Camille Loye en 2013 ©Wouter De Bakker

Deux chardonnay, deux mythes.

Comme beaucoup d’amateurs de vin, la période des fêtes m’a amené au dilemme suivant : est-ce le bon moment pour ouvrir les précieuses bouteilles que j’ai cherchées, acquises, voire accumulées dans l’attente du «grand soir » ! Ou pas ?

Bien que je n’attende plus un « grand soir », me contentant du « moyen soir » pour profiter des bonnes bouteilles avec les bonnes personnes, j’ai à nouveau craqué cette année.

Deux jours, deux mythes et deux dégustations… disons… contrastées.

D’un côté un Bourgogne Chablis Valmur 2001 du domaine Raveneau, mondialement renommé, un grand cru un peu âgé (chez Raveneau la notion de l’âge m’est cependant apparue très relative depuis mes premières dégustations…). De l’autre un vin au pedigree beaucoup plus modeste sur le papier, un Arbois cuvée Luron 1975 de Camille Loye.

Deux mythes, deux vins.

Deux chardonnay ouillés, deux régions différentes, tous les deux « à maturité » voire plus, avec un décalage de 26 ans entre le jeunot et son vénérable aîné.

Tous les amateurs de vin, notamment ceux du domaine Raveneau, ont sans doute déjà connu cette sensation bizarre du stress pré-dégustation : est-ce le bon moment ? Les conditions sont-elles réunies ? C’est la seule bouteille que j’ai, l’accord avec le repas sera-t-il réussi ? Le plus dur étant sans doute de dépasser ces automatismes pour se concentrer sur le vin. 

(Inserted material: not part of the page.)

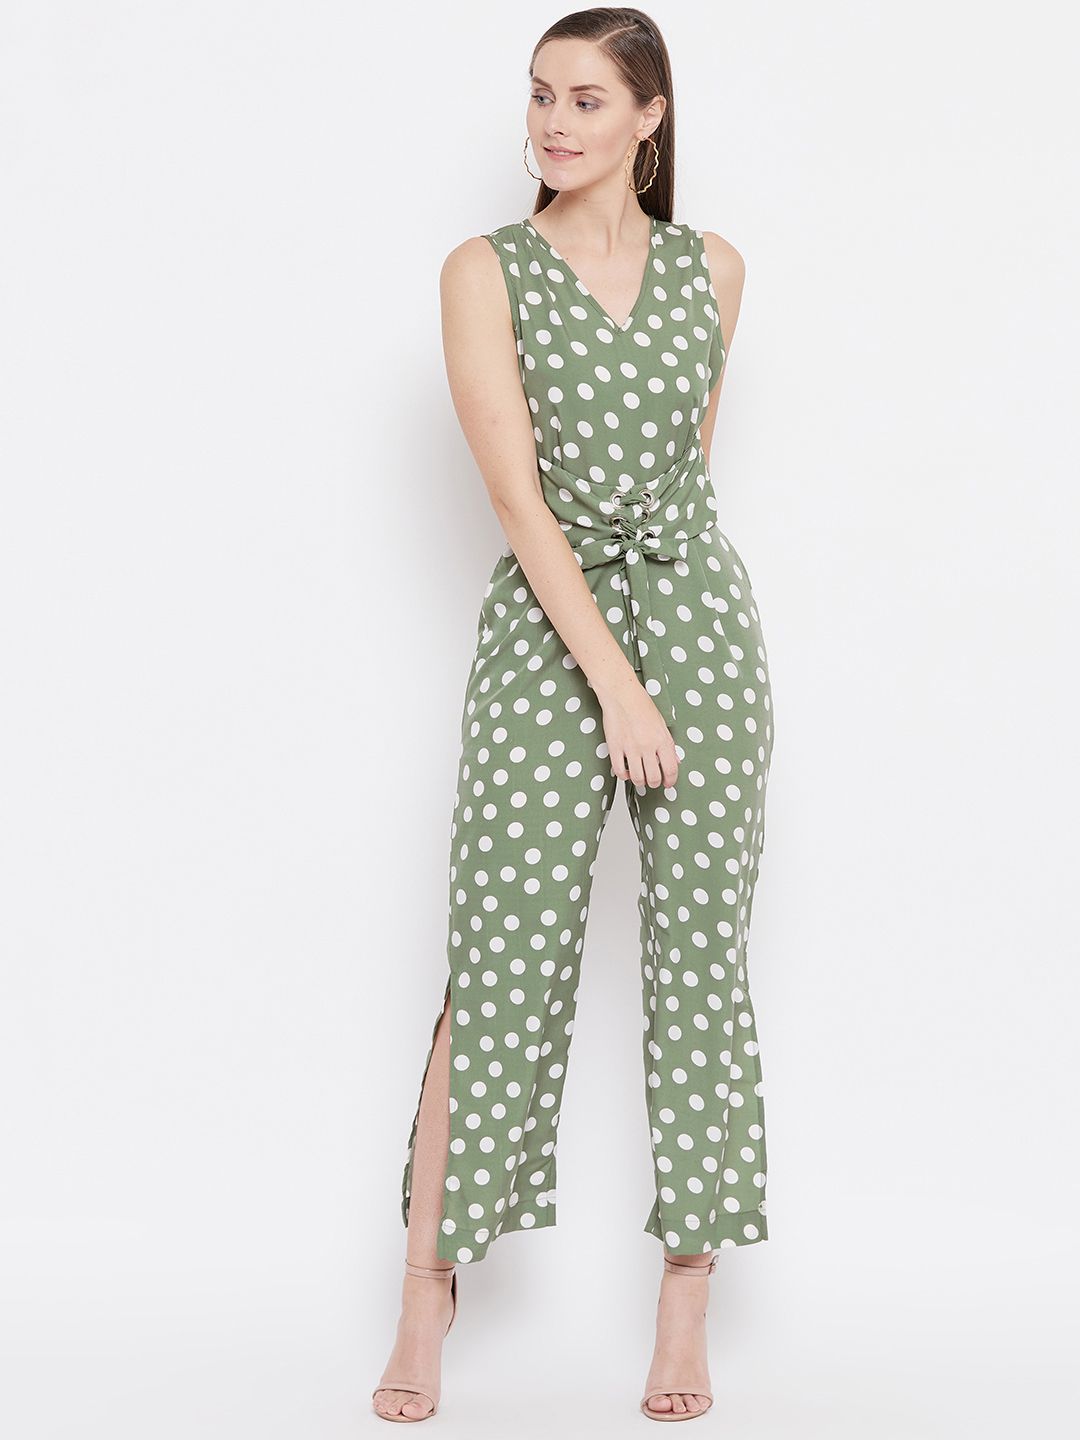 Belle Fille Women Olive Green & White Polka Dot Print Basic Jumpsuit Price in India

La robe commence seulement à faire son âge. Au toucher de bouche il me semble reconnaître l’aspect  soyeux, velouté et pourtant léger comme une plume assez caractéristique des vins de Raveneau. C’est encore jeune, avec une minéralité assez prononcée. Mais au bout d’une heure, branle-bas de combat : le vin prend des notes étonnamment exotiques, sur… le fruit de la passion et l’ananas ! L’accord avec le repas devient caduque.  Le vin, certes plaisant, s’avère alors éloigné de mes attentes. Il me semble avoir mieux goûté d’autres vins de chez Raveneau à un âge similaire, notamment des premiers crus Butteaux.

Deux mythes, deux vins.

Au tour de l’Arbois. Sur le papier un chardonnay ouillé de 47 ans peut faire peur. Et pourtant. Certes j’ai déjà pu apprécier à plusieurs reprises des vieux chardonnay de Camille Loye. Certains avaient mieux vieilli que d’autres, mais dans l’ensemble j’ai toujours été estomaqué par ces vins. Celui-ci ne fait pas exception. C’est assurément… âgé, mais au-delà du nez envoûtant, du toucher de bouche délicat et soyeux, on retient ce très bel équilibre entre acidité, longueur, complexité sur des arômes de noisette, de noix, d’herbes séchées, de truffe, de moka, avec de l’umami. Une arômatique inhabituelle, mais délicieuse : la magie des grands vins blancs secs d’un certain âge.

Camille Loye est mort à Arbois en juillet 2020, à l’âge de 100 ans. Son dernier millésime date de 1990, mais il recevait encore très volontiers les clients il y a quelques années et vendait ses vins, blancs comme rouges, qu’il avait précieusement conservés jusqu’à ce qu’il les considère prêts à déguster.

Camille Loye en 2013 ©Wouter De Bakker

Je ne peux m’empêcher de me demander comment goûterait un grand cru de chez Raveneau de 47 ans. Et me réjouis d’avoir encore quelques bouteilles des vins de Camille Loye. Comme quoi, appellation, renommée ou millésime, le plaisir de la dégustation réserve toujours de nouvelles surprises.